When this circumflex accent section is examined in regard to the strength of the materials, and relative to a plane x'-x comprising the neutral axis and separating part 2 of the blade working under extension, i.e., the wings, from the part working under compression, i.e., rib 3, it is found that the surface of the former, i.e. part 2, is greater than that of the latter, i.e. rib 3, which leads to different moments of inertia. It is also found that a "neutral zone" shown hatched in FIG. 1, i.e., the less stressed zone, comprises much material uselessly adding to rhe weight of the blade.
Another drawback of this circumflex accent cross section is the presence at the ends of wings 2 of the edges 4 which undergo the highest tension stresses and thus, when the metal reaches a high level of fatigue, favor the start of cracks which can start the crosswise breaking of the blade.
Finally, a very considerable economic drawback is involved, since the circumflex accent section combined with the variations in dimensions in the various cross sections require the blade to be made by hand, because of the absence of any reference surface allowing mechanization of its production.
The object of the invention is to provide a new sword blade section eliminating the concentrations of stresses on the edges, lightening the blade, and making possible its production by industrial means and at less cost.

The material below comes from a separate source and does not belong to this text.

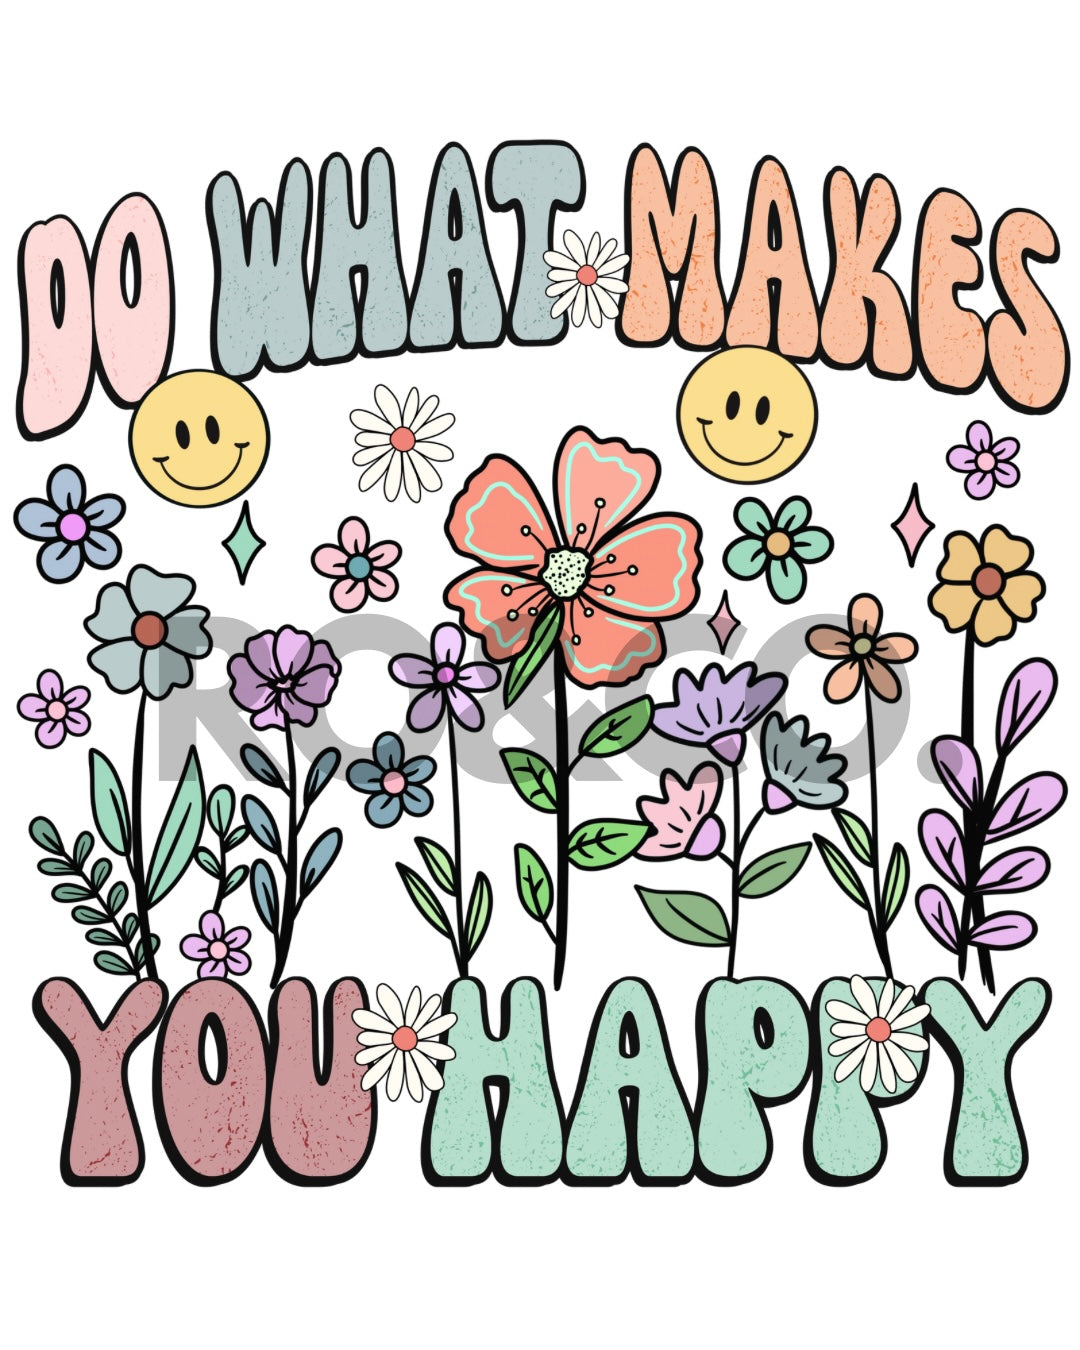 UVDTF - DO WHAT MAKES YOU HAPPY DECAL

For this purpose, the sword blade, according to the invention, exhibits in cross section, at all points along its length, a shape whose moments of inertia, relative to a plane of inertia containing a neutral axis extending along the blade, are approximately equal. This shape is made up, on the one hand, in the rib working in compression, of a polygonal elementary section exhibiting at least two faces parallel to the plane of inertia, and two lateral faces perpendicular thereto, and, on the other hand, wings working in tension are made up of two further elementary sections, equally spaced on both sides of a vertical median plane of the blade. Each of the two further elementary sections has a polygonal shape exhibiting at least two faces parallel to the plane of inertia, and two lateral faces perpendicular thereto. The two further elementary sections constitute, over the length of the blade, extension strips which are each connected to the rib by studs for concentration of the stresses, and for accumulating the fatigue resulting from the stresses on the blade. The studs are located so as to be intercepted by the plane of inertia.
Thus, the blade is made up of a rib of polygonal section connected by stress studs to the two spaced extension strips, the sum of whose moments of inertia relative to the plane of inertia is equal to the moment of inertia of the rib in the same cross section.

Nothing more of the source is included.